Digital certificates bind an entity, such as an individual, organization, or system, to a specific pair of public and private keys. Digital certificates can be thought of as electronic credentials that verify the identity of an individual, system, or organization.
Various types of digital certificates are used for a variety of purposes, such as the following:
Secure Multipurpose Internet Mail Extensions (S/MIME) digital certificates for signing email messages.
Secure Sockets Layer (SSL) and Internet Protocol security (IPSec) digital certificates for authenticating network connections.
Smart card digital certificates for logging on to personal computers.
Windows code-signing technologies use X.509 code-signing certificates, a standard that is owned by the Internet Engineering Task Force (IETF). Code-signing certificates allow software publishers or distributors to digitally sign software.
A certificate is contained in a digital signature and verifies the origin of the signature. The certificate owner's public key is in the certificate and is used to verify the digital signature. This practice avoids having to set up a central facility for distributing the certificates. The certificate owner's private key is kept separately and is known only to the certificate owner.
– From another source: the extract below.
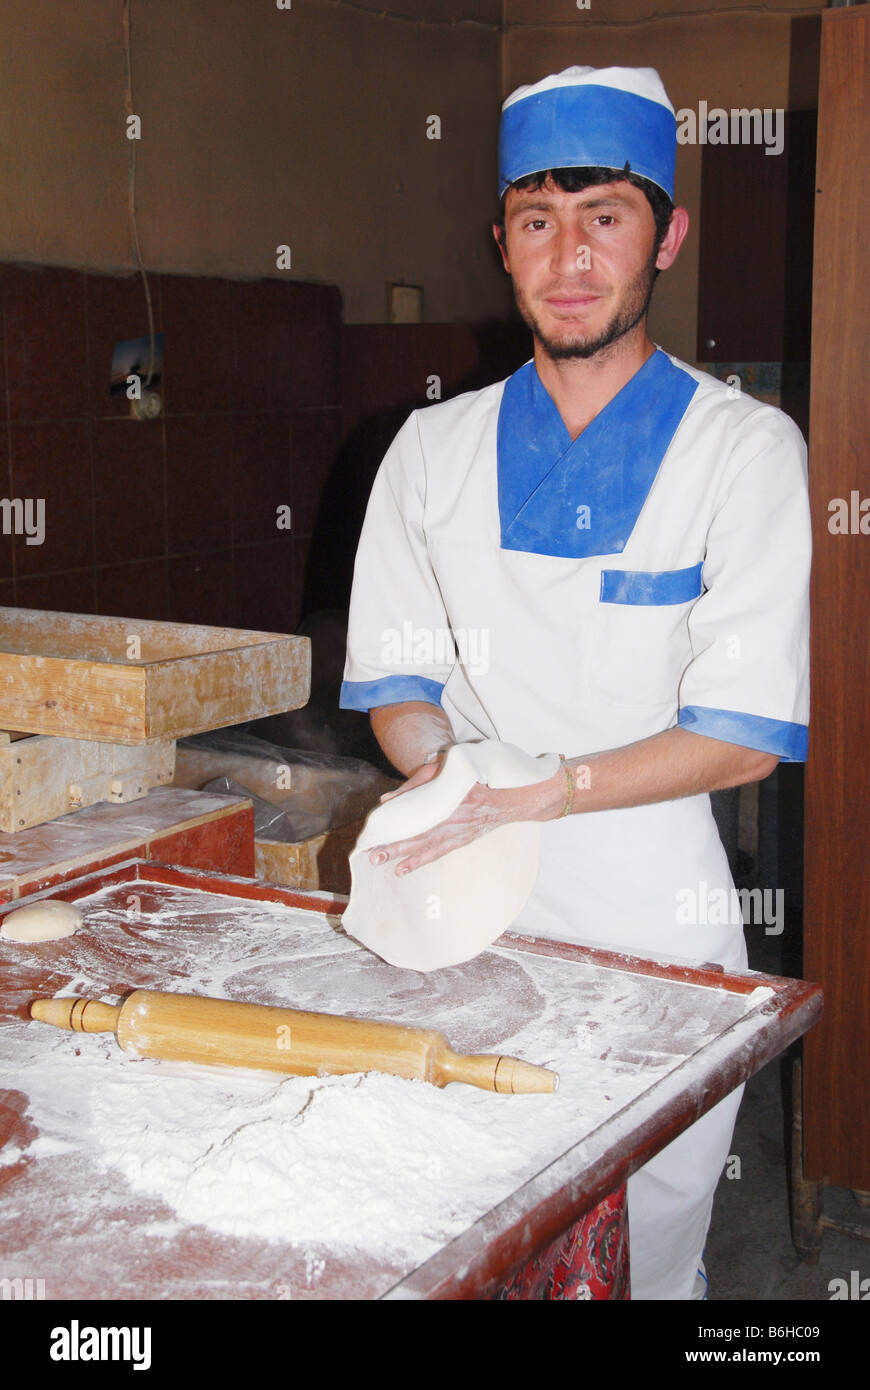 A baker making traditional unleavened bread in a tandoori oven in Turkey Stock Photo

Software publishers must obtain a certificate from a certification authority (CA), which vouches for the integrity of the certificate. Typically, a CA requires the software publisher to provide unique identifying information. The CA uses this information to authenticate the identity of the requester before issuing the certificate. Software publishers must also agree to abide by the policies that are set by the CA. If they fail to do so, the CA can revoke the certificate.